Programmers are optimists, and they are tempted to take the easy path: code up the function, slip it into the system, and fervently hope that it runs. Sometimes that works. But the other 999 times out of 1000, it leads to disaster: one has to grope around in the huge system to manipulate the little function.

Wise programmers instead build scaffolding to give them easy access to the function. This column is devoted to implementing the binary search described in pseudocode in the last column as a trustworthy C function. (The code would be very similar in C++ or Java, and the approach works for most other languages.) Once we have the code, we’ll probe it with scaffolding, then move on to test it more thoroughly and conduct experiments on its running time. For a tiny function, our path is long. The result, though, is a program we can trust.

5.1 From Pseudocode to C

We’ll assume that the array x and the target item t are both of type DataType, which is defined by a C typedef statement like

typedef int DataType;

The defined type might be long integer, floating point, or whatever. The array is implemented by two global variables:

int n;
DataType x[MAXN];

(Although this is poor style for most C programs, it reflects the way that we access data within a C++ class; global variables can also result in smaller scaffolding.) Our goal is this C function:

int binarysearch(DataType t)
 /* precondition: x[0] <= x[1] <= ... <= x[n-1]
    postcondition:
        result == -1     =>  t not present in x
        0 <= result < n  =>  x[result] == t
  */

Most of the pseudocode statements in Section 4.2 translate line-by-line into C (and most other languages, for that matter). Where the pseudocode stores a value in the answer variable p, the C program will return the value. Replacing the pseudocode loop with the C infinite loop for (;;) yields this code:

for (;;) {
    if (1 > u)
        return -1;
    ... rest of loop ...
}

We can transform that to a while loop by reversing the test:

while (1 <= u) {
    ... rest of loop ...
}
return -1;

The final program is then:

int binarysearch(DataType t)
    /* return (any) position if t in sorted x[0..n-1] or
        -1 if t is not present */
{   int l, u, m;
    l = 0;
    u = n-1;
    while (l <= u) {
        m = (l + u) / 2;
        if (x[m] < t)
            l = m+1;
        else if (x[m] == t)
            return m;
        else /* x[m] > t */
            u = m-1;
    }
    return -1;
}

5.2 A Test Harness

The first step in exercising the function is, of course, to walk through a few test cases by hand. Tiny cases (zero-, one- and two-element arrays) often suffice to smoke out bugs. On larger arrays such tests become tedious, so the next step is to build a driver to call the function. Five lines of C scaffolding can do the job:

while (scanf("%d %d", &n, &t) != EOF) {
    for (i = 0; i < n; i++)
        x[i] = 10*i;
    printf(" %d\n", binarysearch(t));
}

We can start with a C program of about two dozen lines: the binarysearch function and the above code in the main function. We should expect to grow the program as we add additional scaffolding.

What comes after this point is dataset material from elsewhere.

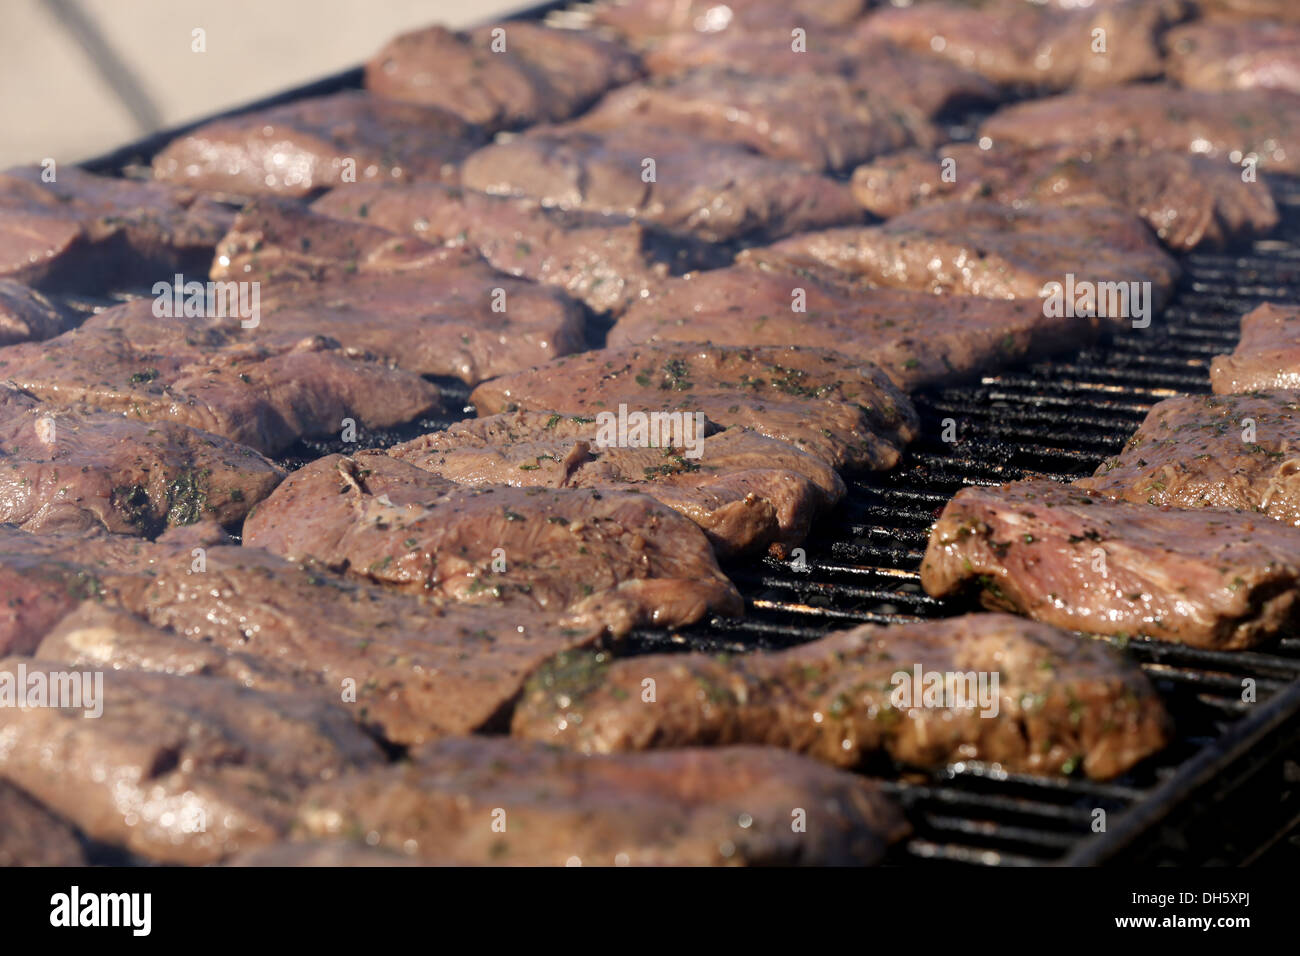 MARINE CORPS AIR STATION YUMA, Ariz. – Marines with 1st Battalion, 7th Marine Regiment, grill steaks for a warriors’ meal here, Stock Photo

When I type the input line “2 0”, the program generates the two-element array with x[0] = 0 and x[1] = 10, then reports (on the next, indented, line) that the result of searching for 0 was that it was in location 0:

2 0
 0
2 10
 1
2 -5
 -1
2 5
 -1
2 15
 -1

The typed input is always in italics. The next pair of lines shows that 10 is correctly found in location 1. The final six lines describe three correct unsuccessful searches. The program thus correctly handles all possible searches in an array of two distinct elements. As the program passed similar tests on inputs of other sizes, I grew more and more confident of its correctness and more and more bored with this laborious hand testing. The next section describes scaffolding to automate this job.

Not all testing proceeds this smoothly. Here is a binary search proposed by several professional programmers:

int badsearch(DataType t)
{   int l, u, m;
    l = 0;
    u = n-1;
    while (l <= u) {
        m = (l + u) / 2;
/* printf("  %d %d %d\n", l, m, u); */
        if (x[m] < t)
            l = m;
        else if (x[m] > t)
            u = m;
        else
            return m;
    }
    return -1;
}

(We’ll return shortly to the commented-out printf statement.) Can you spot any problems in the code?

The program passed the first two little tests. It found 20 in position 2 of a 5-element array, and found 30 in position 3:

5 20
 2
5 30
 3
5 40
 ...

When I searched for 40, though, the program went into an infinite loop. Why?

To solve the puzzle, I inserted the printf statement that appears as a comment above. (It is outdented to the left margin to show that it is scaffolding.) It displays the sequence of values of l, m and u for each search:

5 20
  0 2 4
 2
5 30
  0 2 4
  2 3 4
 3
5 40
  0 2 4
  2 3 4
  3 3 4
  3 3 4
  3 3 4
  ...

The first search finds 20 on the first probe, and the second search finds 30 on the second probe. The third search is fine for the first two probes, but on the third probe goes into an infinite loop. We could have discovered that bug as we tried (in vain) to prove the termination of the loop.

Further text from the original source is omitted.